The City Council will hold a closed session Tuesday, Sep. 15, re the pending lawsuit on the Olivia project, addressing Vice Mayor Wan’s ask for the City to stop defending the case and to agree that the plaintiffs’ allegations are true, irrespective of how inaccurate and legally wrong some of them actually are. Most of the arguments in the plaintiffs’ brief were recycled from the Council appeal hearings, and as such were already explained as lacking merit by City Attorney and other professionals in the two Council hearings.

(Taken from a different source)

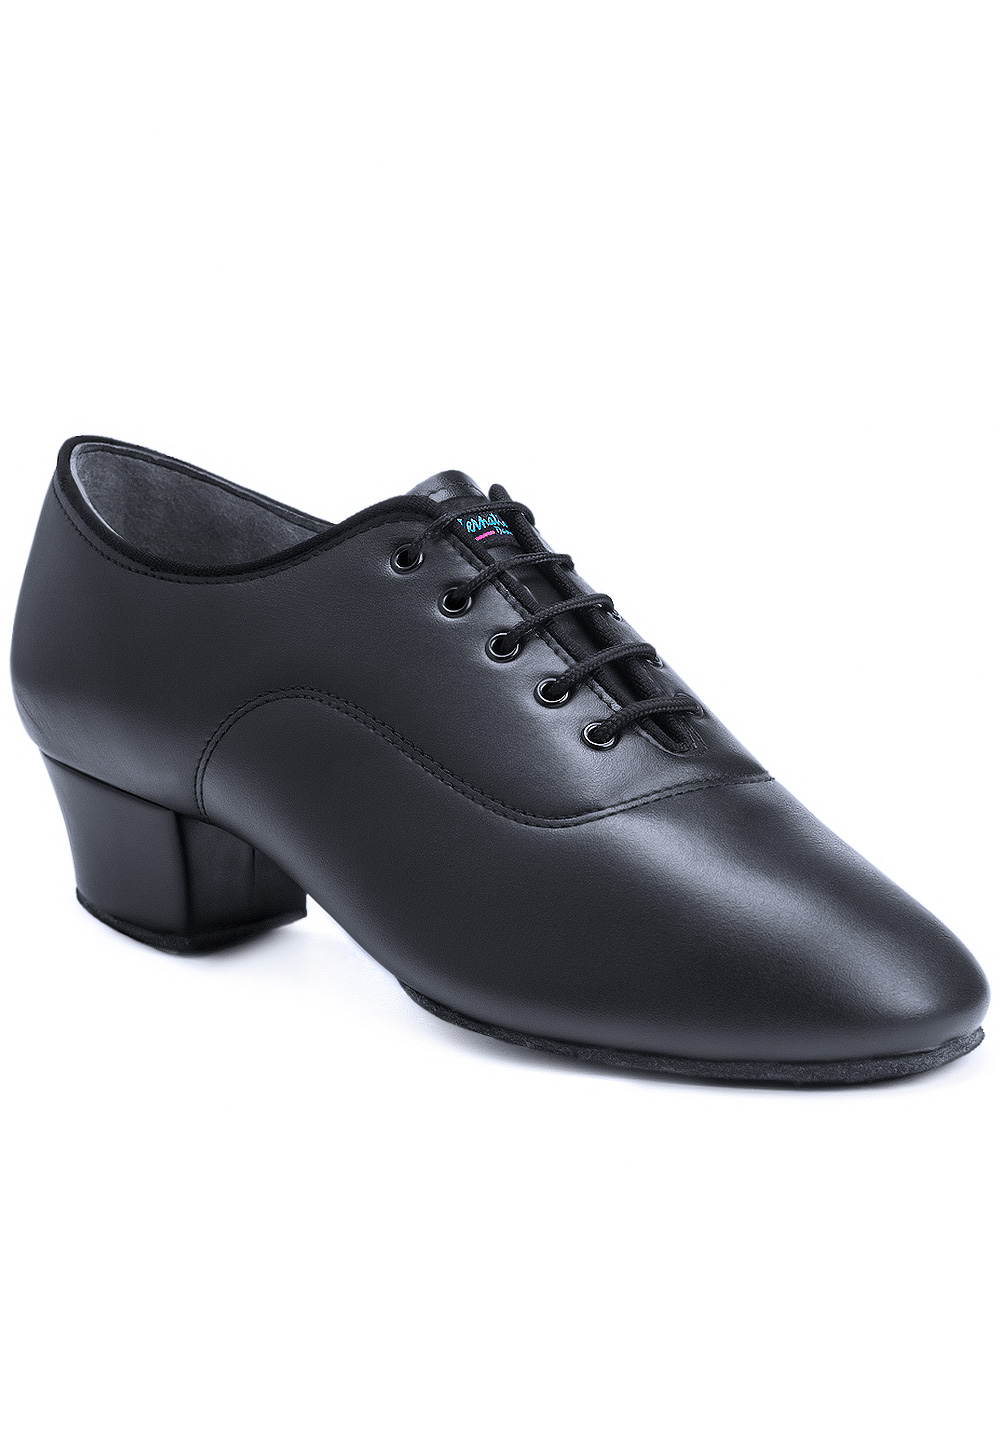 Very Fine Womens Salsa Ballroom Tango Latin Dance Shoes Style CD2808 Bundle with Plastic Dance Shoe Heel Protectors Tan Satin 9.5 M US Heel 2.5 Inch
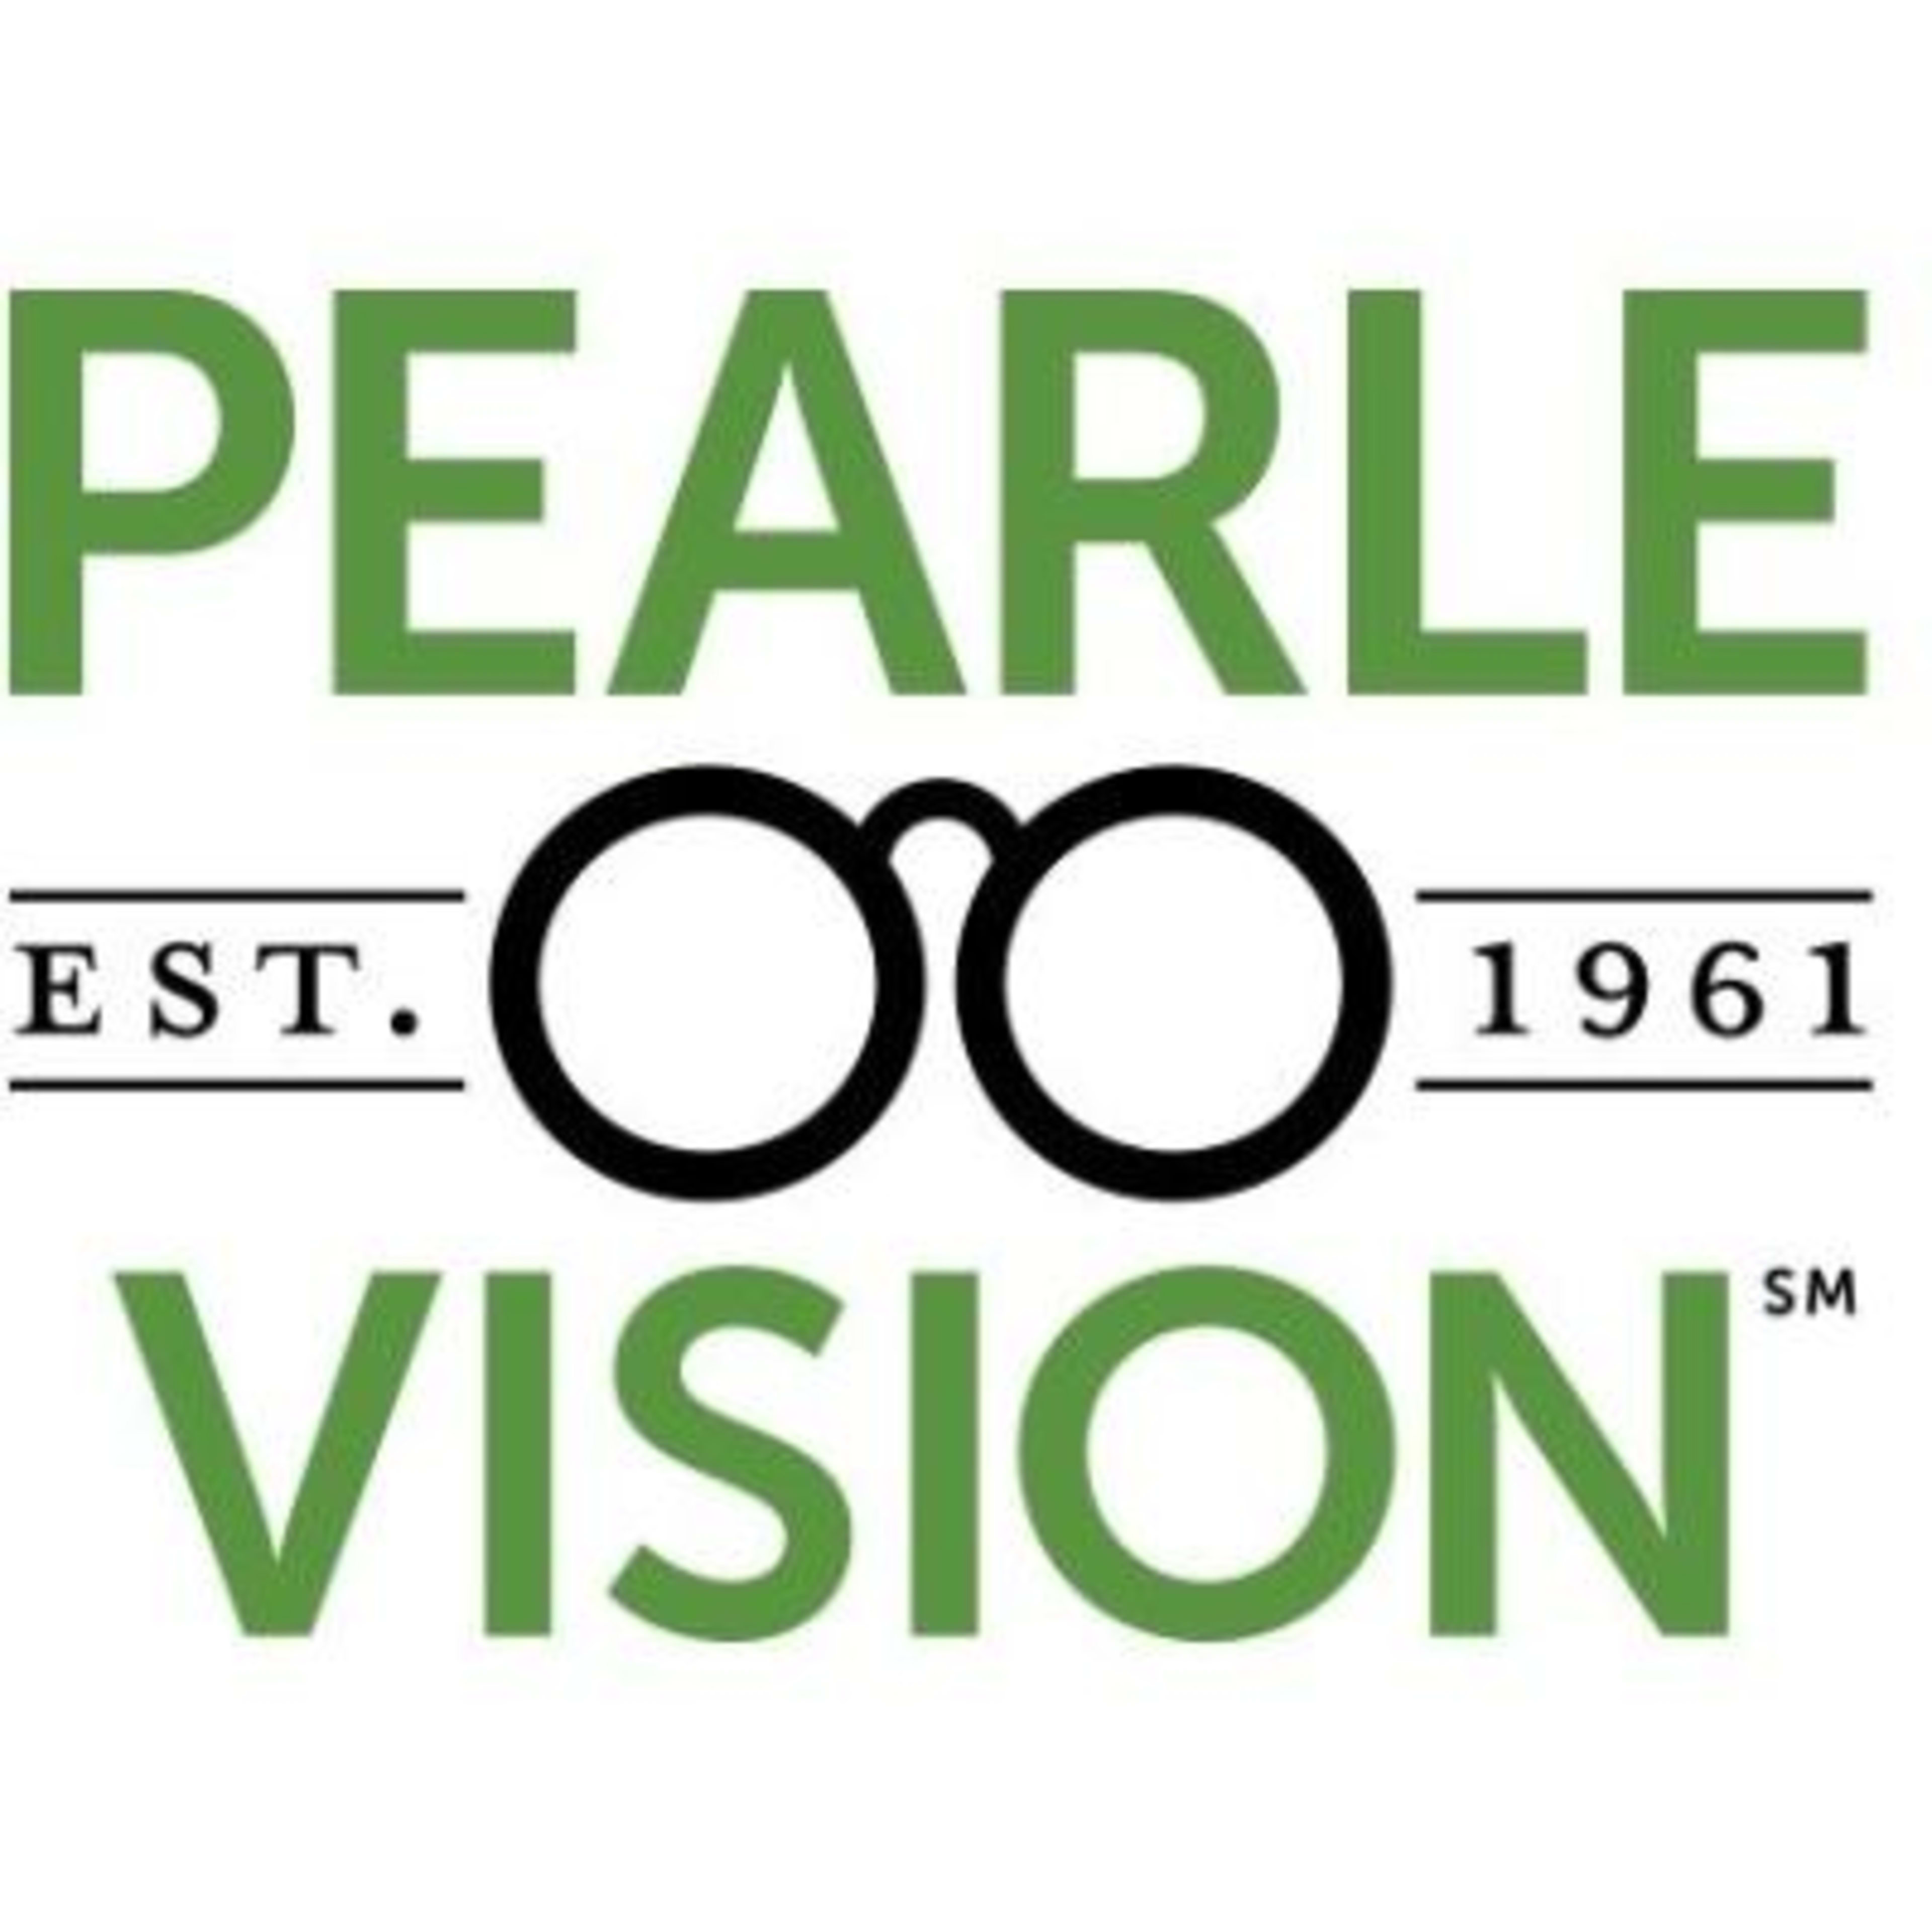 Pearle Vision Code

Similarly to a game of chess, one should anticipate several steps ahead. For Olivia, the potential chess moves, in summary, play out as follows:
1) CEQA DENIAL? If the Council had denied the CEQA categorical environmental review exemption, the developer would have mostly just repackaged CEQA review under a different document, and returned back with the project 6-9 months later. Every knowledgeable CEQA practitioner knows that this project is not going to result in significant and unavoidable CEQA impacts, and thus additional CEQA review is only going to delay the project without changing it.
2) PROJECT DENIAL? If the Council had denied the project approvals, the City would have been sued, the City would have lost and paid for the lawsuit, and the court would have likely ordered the project to be approved.
3) LAWSUIT SETTLEMENT POSSIBILITY? The parties already engaged in mandatory settlement conferences, and none was reached since the lawsuit moved forward to the briefing phase. A typical developer would settle e.g. with a smaller project only if he could be guaranteed that no one would oppose the revised project. A substantially changed project would need to be re-approved by the Planning Commission. If just one person does not want any project or opposes the revised project, there are no guarantees that the revised project would not result in another Council appeal and lawsuit. Why would a developer settle only to be back in the same situation a year later? Recall that in Nov.-Dec. 2015, Jordan held two neighborhood meetings presenting 60- and 44-unit two-story projects — both were rejected by residents. Click for 2015 Pioneer Article.
4) CITY’S DECISION TO NOT DEFEND ITSELF? Regardless of what the City does, the developer will still file his brief and the judge will have the full record and citations to applicable case law and codes. Since the only plausible plaintiffs’ win and developer’s loss is additional work on CEQA (without changes to the project), one would assume that the developer would have already settled during the settlement conferences if he wanted to stop litigation. For the sake of argument, IF the City deciding not to defend itself were to impact the outcome, the developer would most likely choose between moving forward with the project after reworking CEQA review (=different format, no anticipated impacts, additional time and delay), or by switching to scenario 5 (below).
5) 100% AFFORDABLE HOUSING PROJECT? If or when the project turns into a 100% affordable housing project, using SB35 state law that eliminates any CEQA review and City discretionary approval authority, the full credit will go to Vice Mayor Wan and others who have followed his chess moves to that outcome. Whether intentional or not, this is the ultimate chess-mate when the developer in his view has played the game too long.
Fear-mongering? Not at all. This is simply taking a realistic look at what the different outcomes are couple moves ahead. FORESIGHT MATTERS. FISCAL RESPONSIBILITY MATTERS. Every councilmember should have the ability and willingness to govern and review projects based on facts and legal requirements only, and not based on campaign promises or expectations.